*** Block opens ***
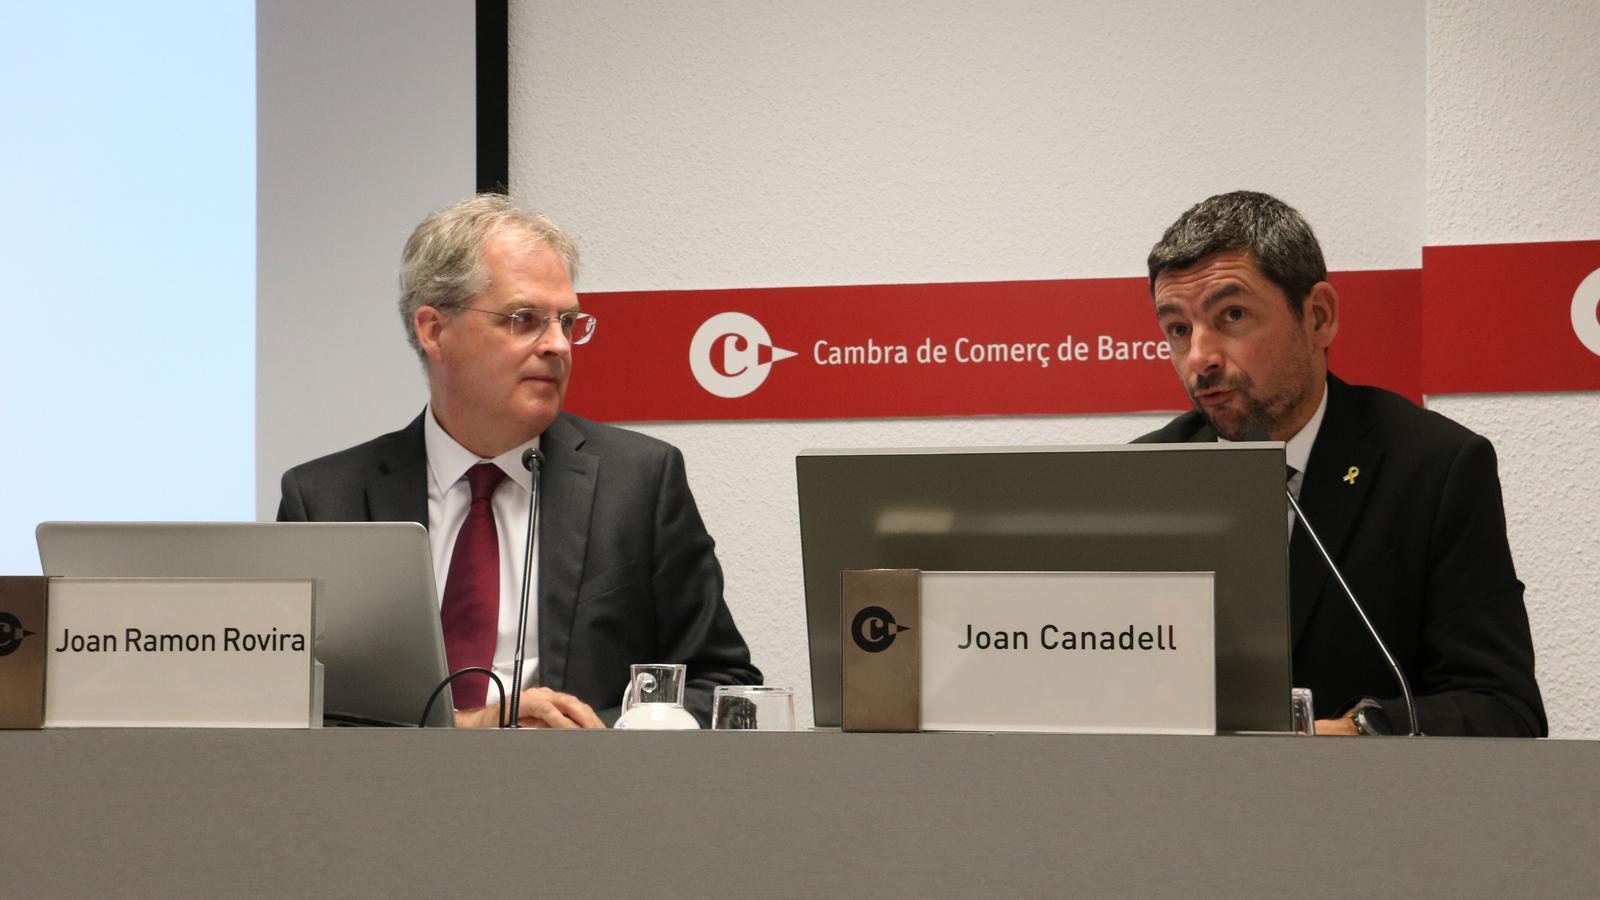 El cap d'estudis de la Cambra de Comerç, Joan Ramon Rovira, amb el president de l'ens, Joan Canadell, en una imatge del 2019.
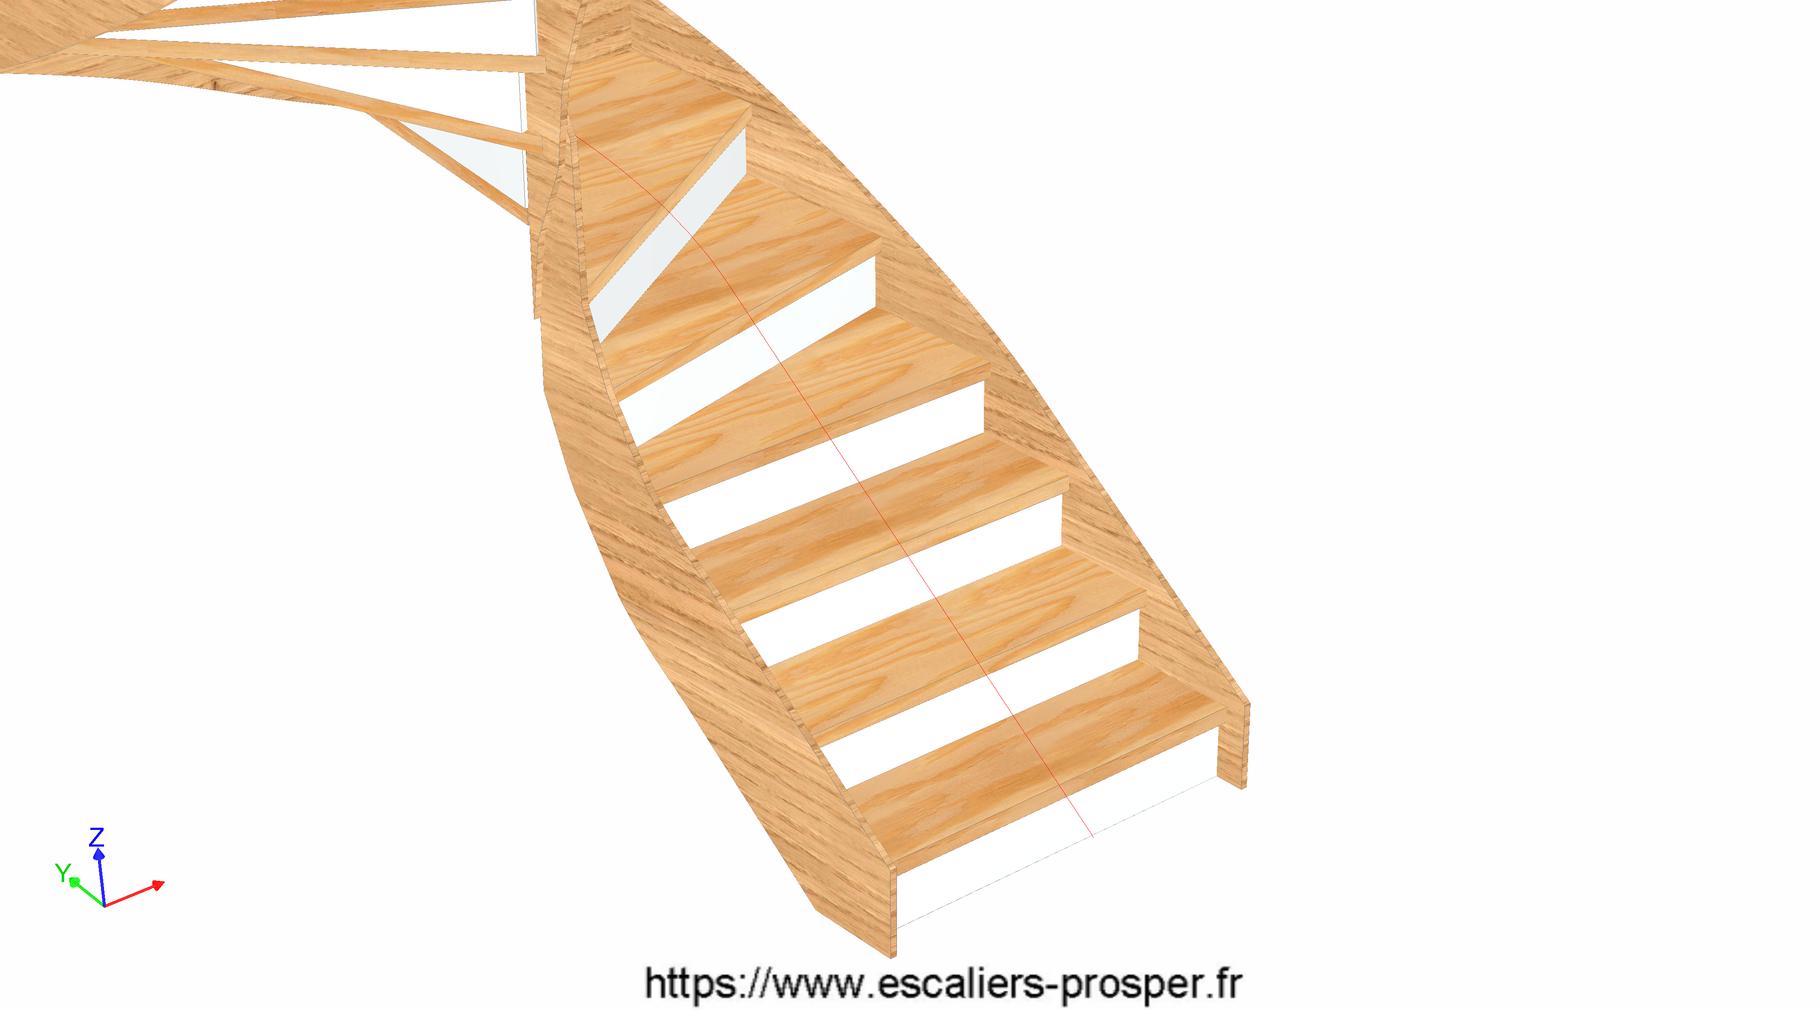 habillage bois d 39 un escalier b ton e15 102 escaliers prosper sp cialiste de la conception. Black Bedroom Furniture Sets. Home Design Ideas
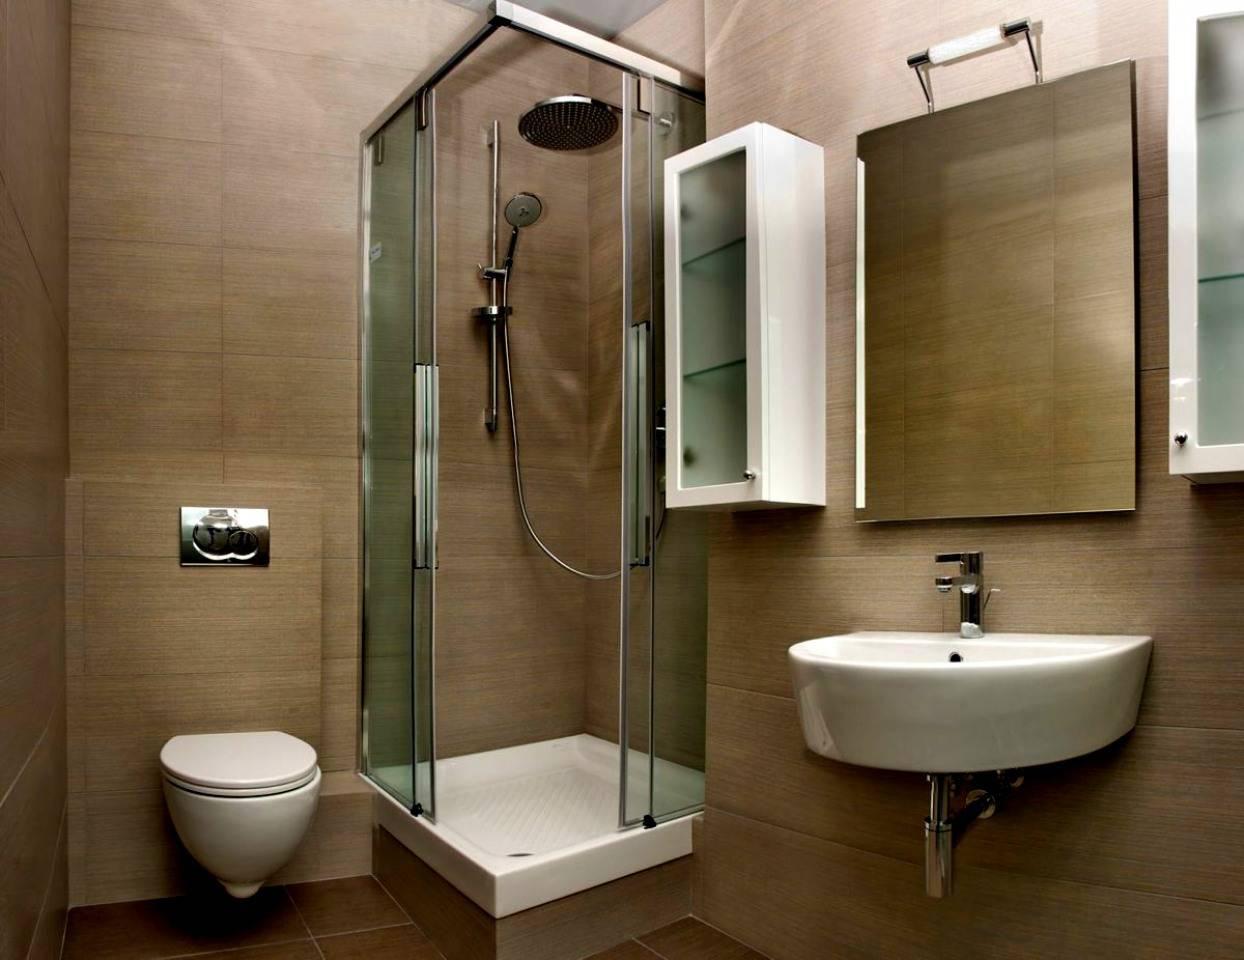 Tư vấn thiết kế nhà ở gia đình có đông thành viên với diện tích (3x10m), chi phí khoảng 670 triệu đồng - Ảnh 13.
*** Block closes ***
### Exercise instructions
Your copy should hold exactly the lines from the one that contains "habillage bois d" through the final line of the data, both ends included, and no pictures.

### Response
 habillage bois d 39 un escalier b ton e15 102 escaliers prosper sp cialiste de la conception. Black Bedroom Furniture Sets. Home Design Ideas
 Tư vấn thiết kế nhà ở gia đình có đông thành viên với diện tích (3x10m), chi phí khoảng 670 triệu đồng - Ảnh 13.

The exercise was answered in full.